By week five, Jeremy Bowers had done most of the heavy lifting so Wei spent time sharing insights from good projects and not-so-good projects. One point she emphasized that’s worth repeating is the importance of function over aesthetics. It’s great if your apps look beautiful, but their appearance shouldn’t interfere with users’ understanding of information, she said.
Wei also skimmed through tools anybody can use for data viz and news apps, such as Many Eyes, CartoDB, Raphaël and D3, which are also featured on Poynter’s NewsU Digital Tools Catalog, funded by the Knight Foundation. Many of the tools require no coding. But they’re often the “gateway drug” to infecting beginners with a desire to learn to code.

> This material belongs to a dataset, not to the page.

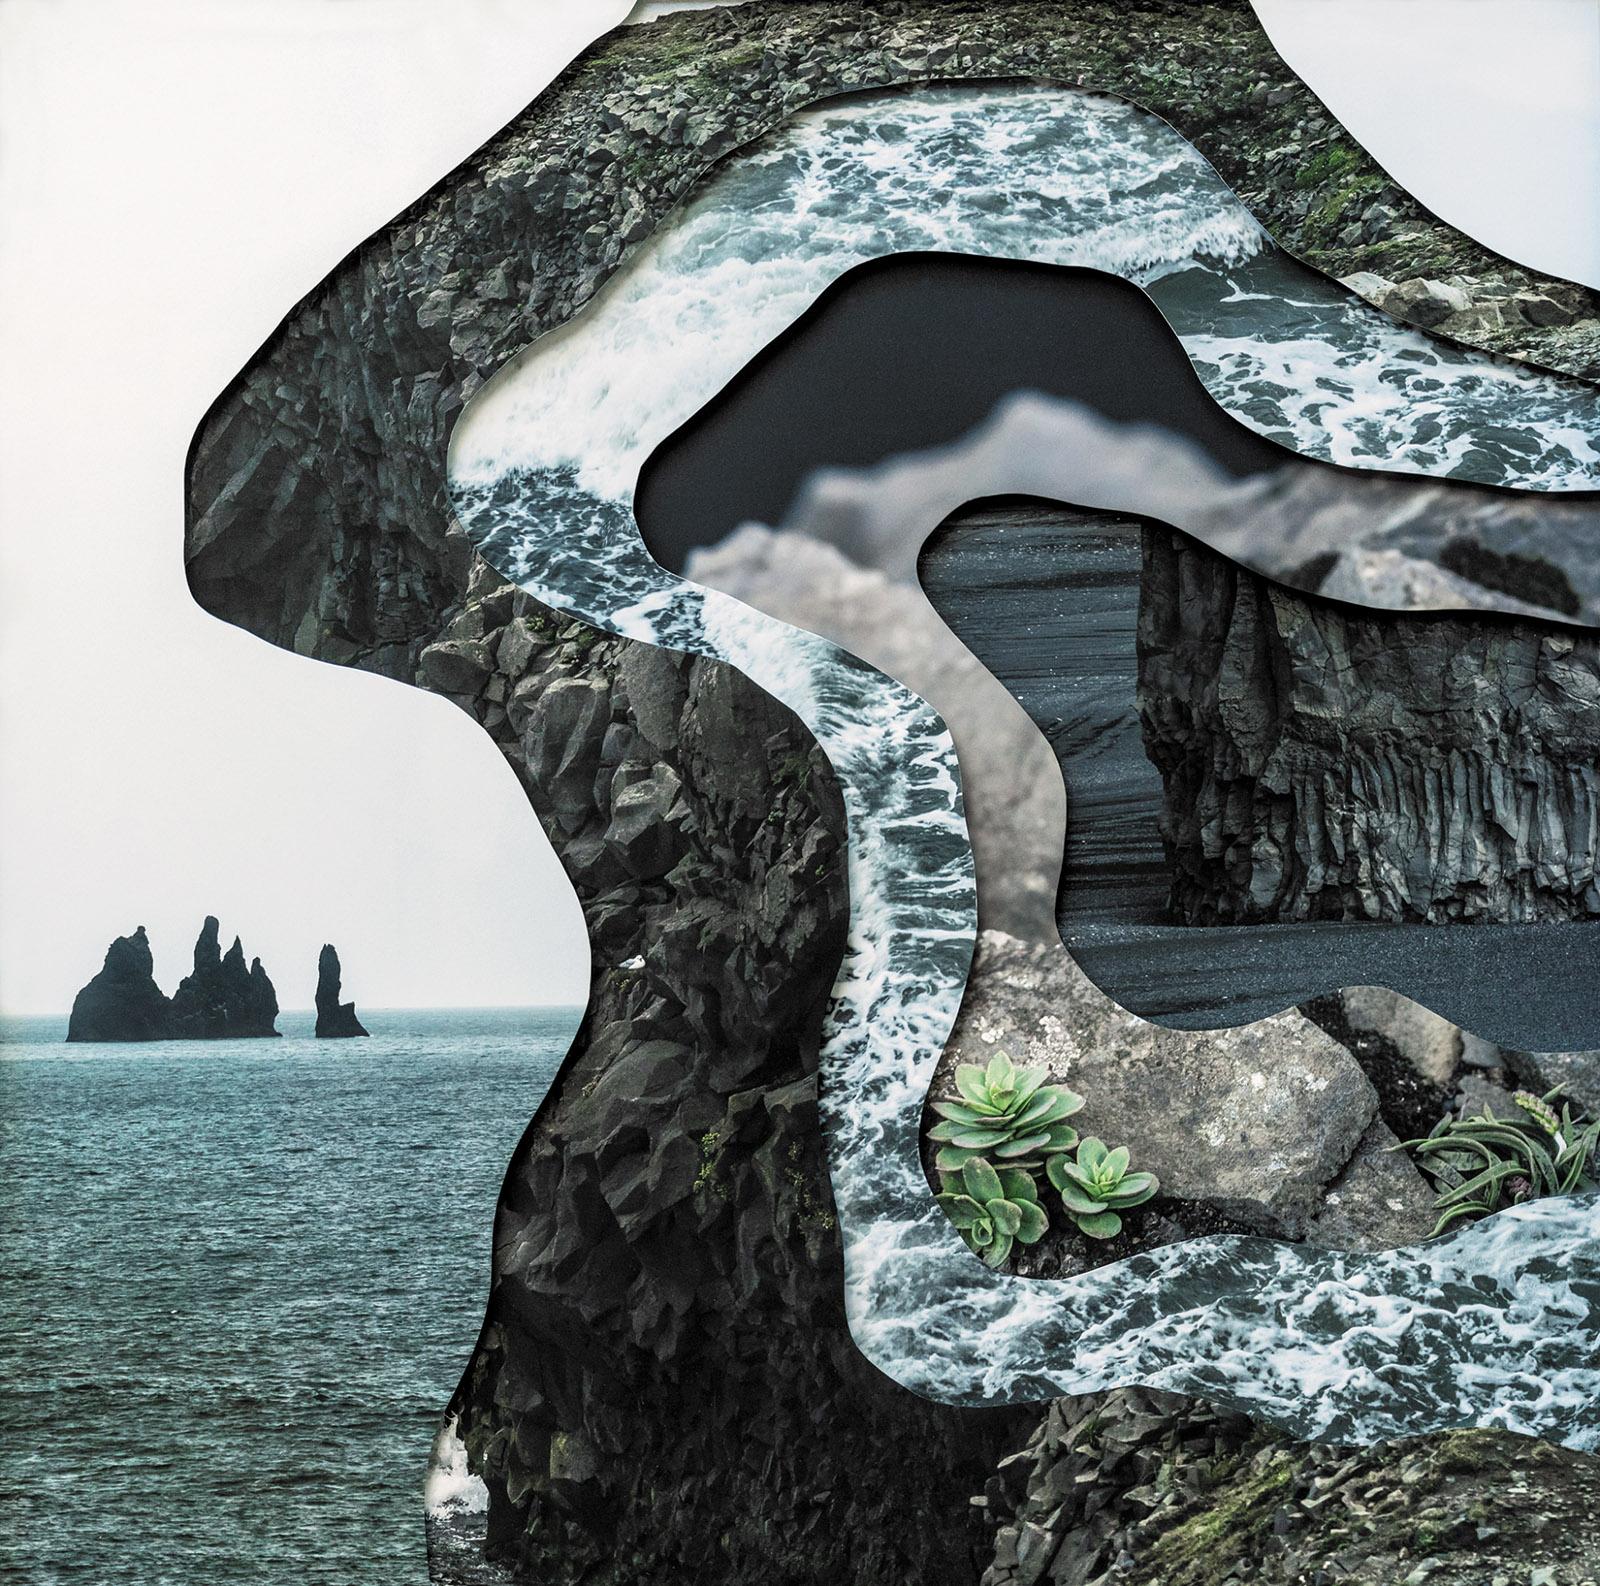 Charlotta María Hauksdóttir: Topography Study XVI, 2018; from Hauksdóttir's book A Sense of Place: Imprints from Iceland, to be published by Daylight in January 2020

Overall, I really enjoyed the course. The biggest thing that bugged me was the course’s platform because it was difficult to navigate between lessons and forums. The interface was very frustrating, especially when I couldn’t find out how to even get into the course until I spotted a slim right side bar where all the course’s links reside. A button to navigate to the next lesson would have been helpful. But design aside, the content is really sound and will give anyone from veterans to newbies a clear look at the current landscape of data journalism.
The reality is, we’ve got more data than we know what to do with. Journalists have long known that data represent an unmined field of rich stories. In the last decade, our computing power has exploded alongside Web technologies, empowering us to inform, delight and provoke news consumers in their Web browsers.
Big data looks like it’s going to get even bigger with new possibilities on mobile. It’s worth checking out this course to decide early on what opportunities you can create for yourself.
As journalists and citizens, “we have the responsibility to understand how our society is transforming in this digital age,” Weiss, lead instructor for the course and host of week one, told me in an email. “We should not treat data journalism as a special part of journalism but the future of journalism.”